All tokens will be consolidated into the DAO’s trusted Base multisig, which will deploy them into deep, long-range Uniswap V3 concentrated liquidity positions:
- 70% RUBI/ETH (0.3% fee tier)
- 30% RUBI/USDC (0.3% fee tier)
with wide ranges intended to serve as long-term, permanent liquidity.
This turns dormant or idle supply into productive treasury assets, deepens RUBI markets, and sets up the DAO to accumulate ETH and USDC as RUBI appreciates.
Tradeoff: This proposal fully deprecates the original airdrop. After execution, unclaimed airdrop tokens cannot be claimed.
Motivation
1. The Base Airdrop Contract Holds ~31% of All RUBI on Base
This supply has remained unclaimed for over 7 months. It:
- Provides no liquidity
- Supports no trading
- Generates no fees
- Offers no value to the DAO
RIP-02 recognizes this pool as abandoned and repurposes it into something mission-aligned: permanent, productive liquidity.
2. The DAO Has Far More Vesting Unlocks Than Operational Needs
Over the next 6 months, assuming the DAO maintains the same emission rates that are currently live, DAO needs are estimated as:
- ~20M RUBI for trading rewards and DAO growth
- ~80M RUBI for liquidity rewards
- Total: 100M RUBI
The L1 Community Vesting Contract has:
- ~92M currently unlocked, and
- ~400M RUBI unlocking per year (~33M per month), meaning
- ~200M RUBI will unlock over the next 6 months
So the DAO will have:
92M unlocked now + 200M vesting soon = ~292M RUBI available
against a 100M requirement.
The vesting rate exceeds the demand rate by nearly 2×, which means:
- The entire currently unlocked 92M RUBI is surplus
- Future vesting easily covers emissions and operations
- Deploying all unlocked tokens into POL is financially safe
This proposal intentionally deploys 100% of the current unlock into long-term POL.
3. POL Strengthens RUBI’s Markets and Reflexively Grows DAO Treasury
By deploying POL as:
- 70% RUBI/ETH,
- 30% RUBI/USDC,
- at 0.3% fee tier,
- with wide long-term ranges,
the DAO gains:
Deep permanent liquidity
Better execution for traders and aggregators.
Self-funding revenue
Uniswap LP fees accrue to the DAO multisig.
Treasury reflexivity
Because these POL positions start one-sided in RUBI, rising RUBI price causes the AMM to accumulate ETH and USDC for the DAO.

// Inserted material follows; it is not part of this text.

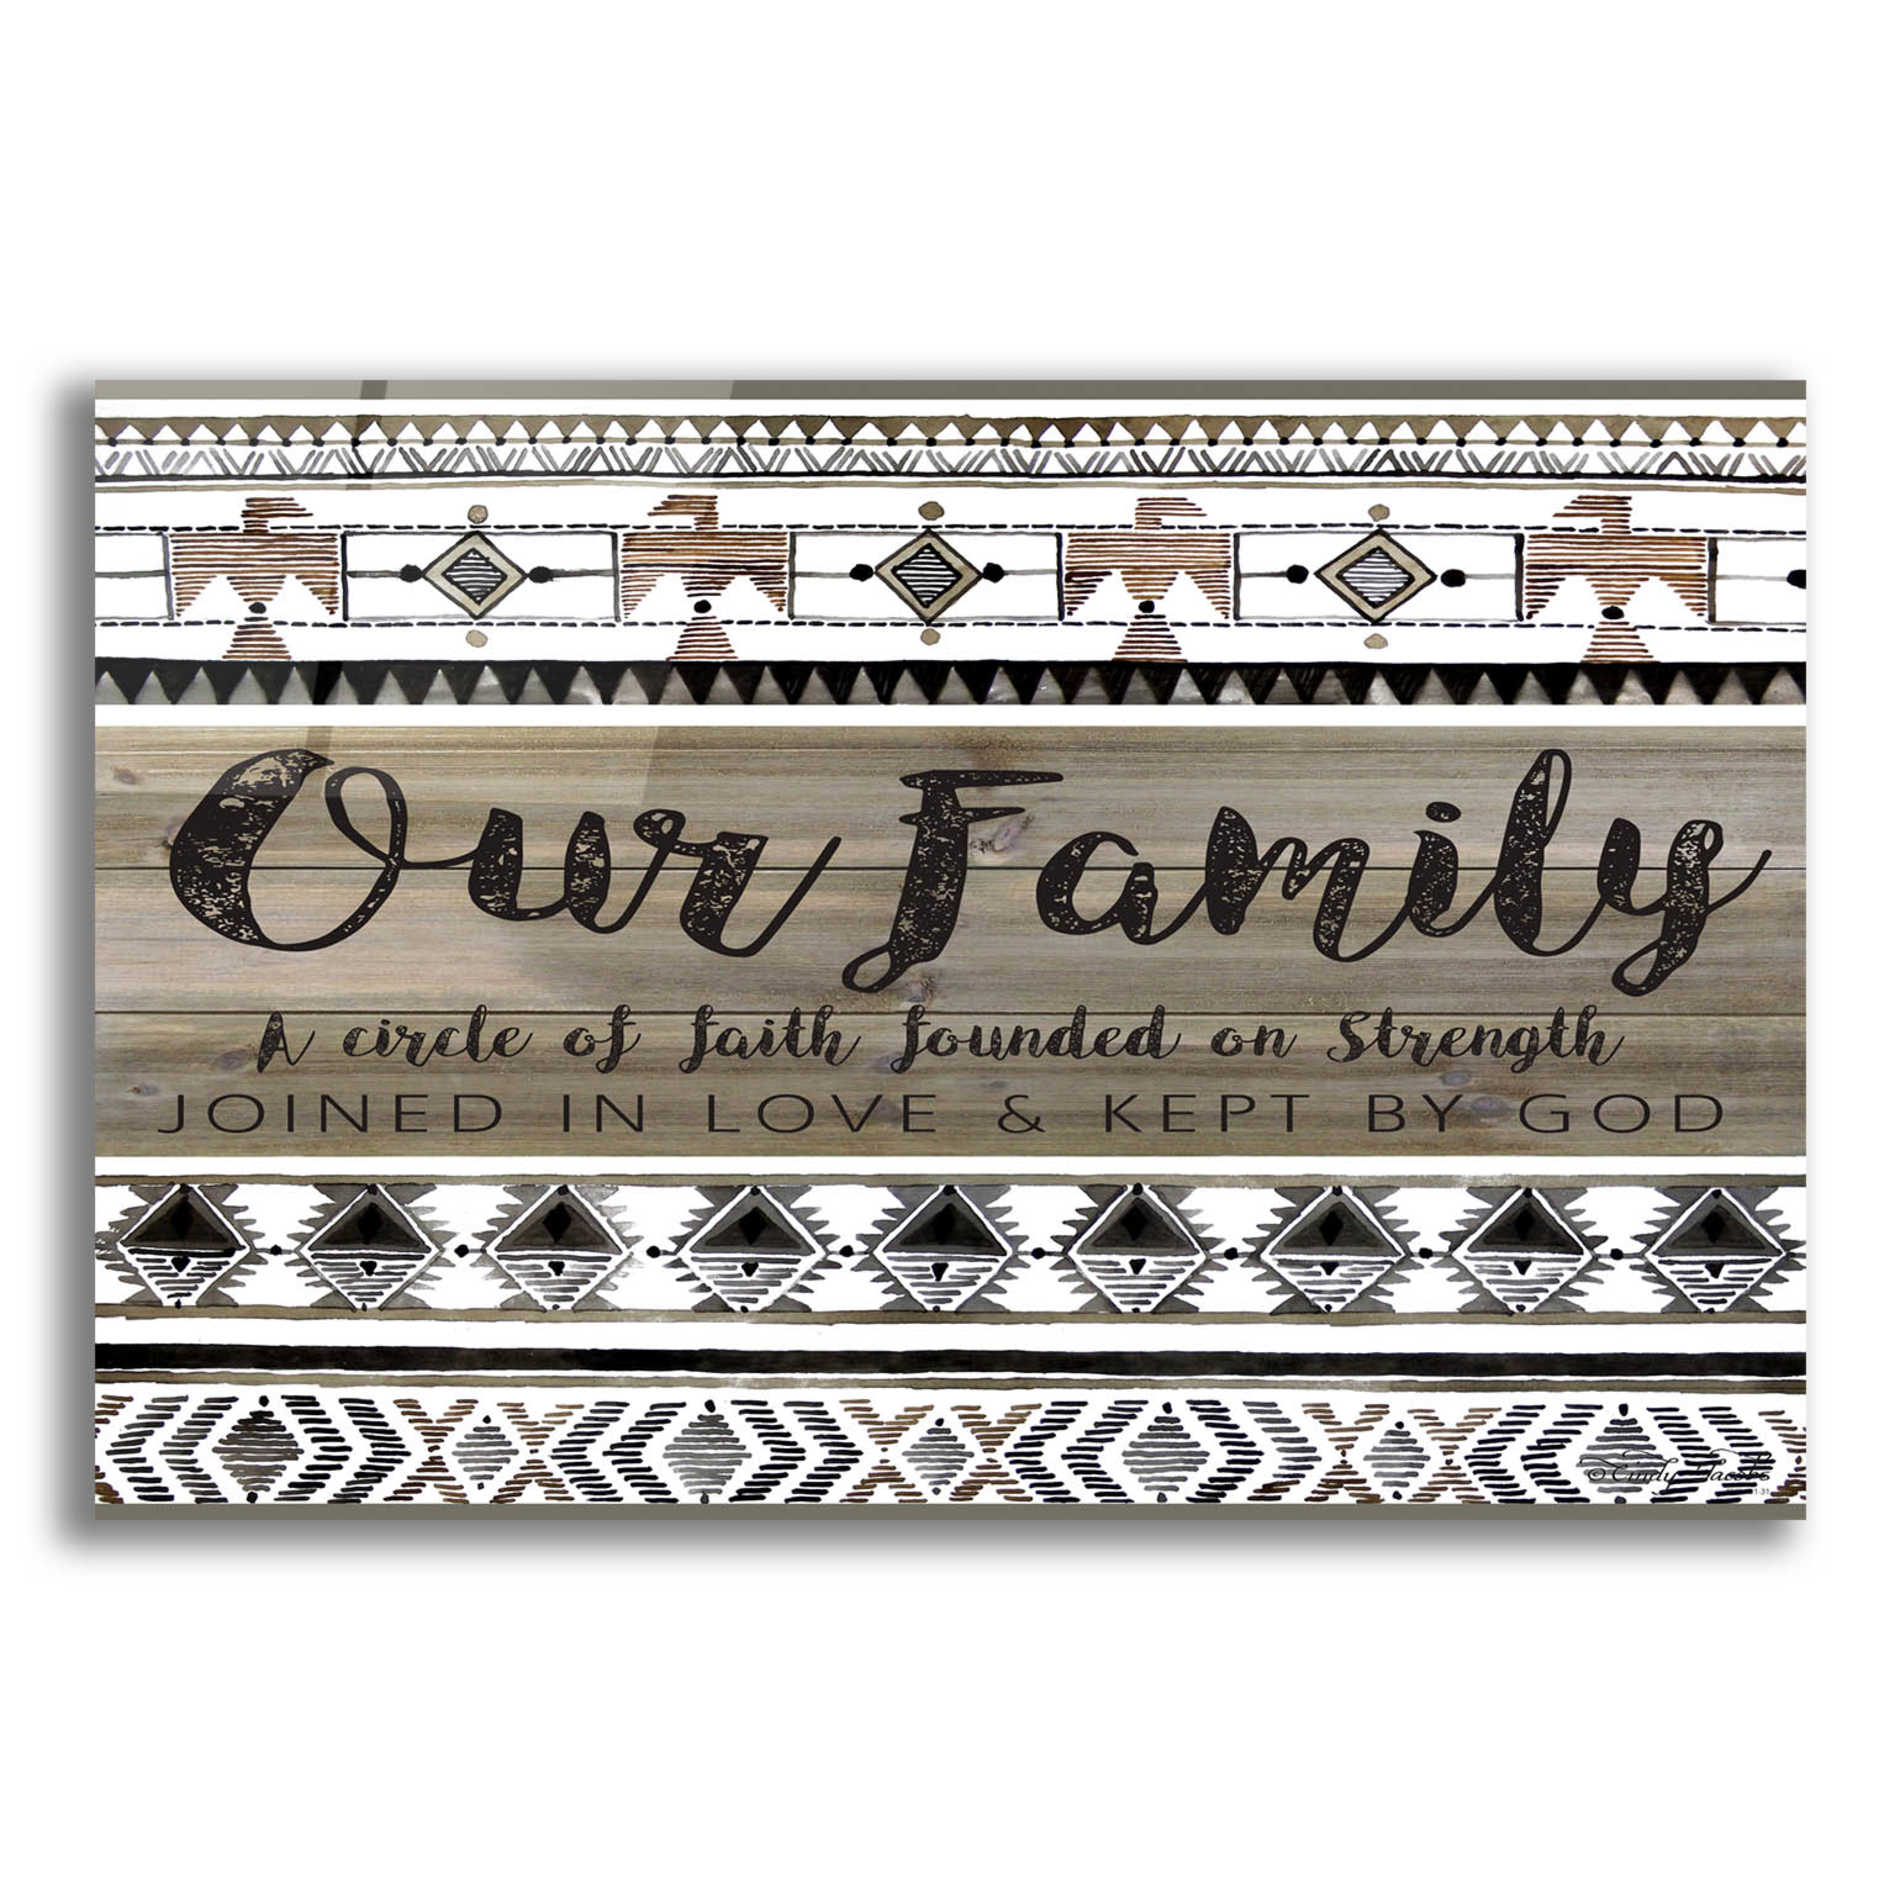 Epic Art 'Our Family' by Cindy Jacobs, Acrylic Glass Wall Art,16x12

At approximately a 10× price appreciation, the position naturally becomes 50/50 by value. The total range for the UNI v3 position will be 100x arbitrarily to current levels. The DAO accumulates increasing amounts of ETH and USDC to support DAO growth. This transforms market wins into treasury growth.
4. Uniswap First, Rubicon Ultimately
Rubicon’s current AMM supports 50/50 liquidity, not concentrated-liquidity style POL. Uniswap V3 remains:
- the leading UX/distribution surface,
- the easiest CLMM venue today,
- a credible default for deep liquidity.
POL will start on Uniswap v3 for maximum accessibility. I contemplated using Rubicon’s own order book (possible!), but the distribution benefits of Uniswap compared to our order book (not nearly as many integrations) seem superior at this phase.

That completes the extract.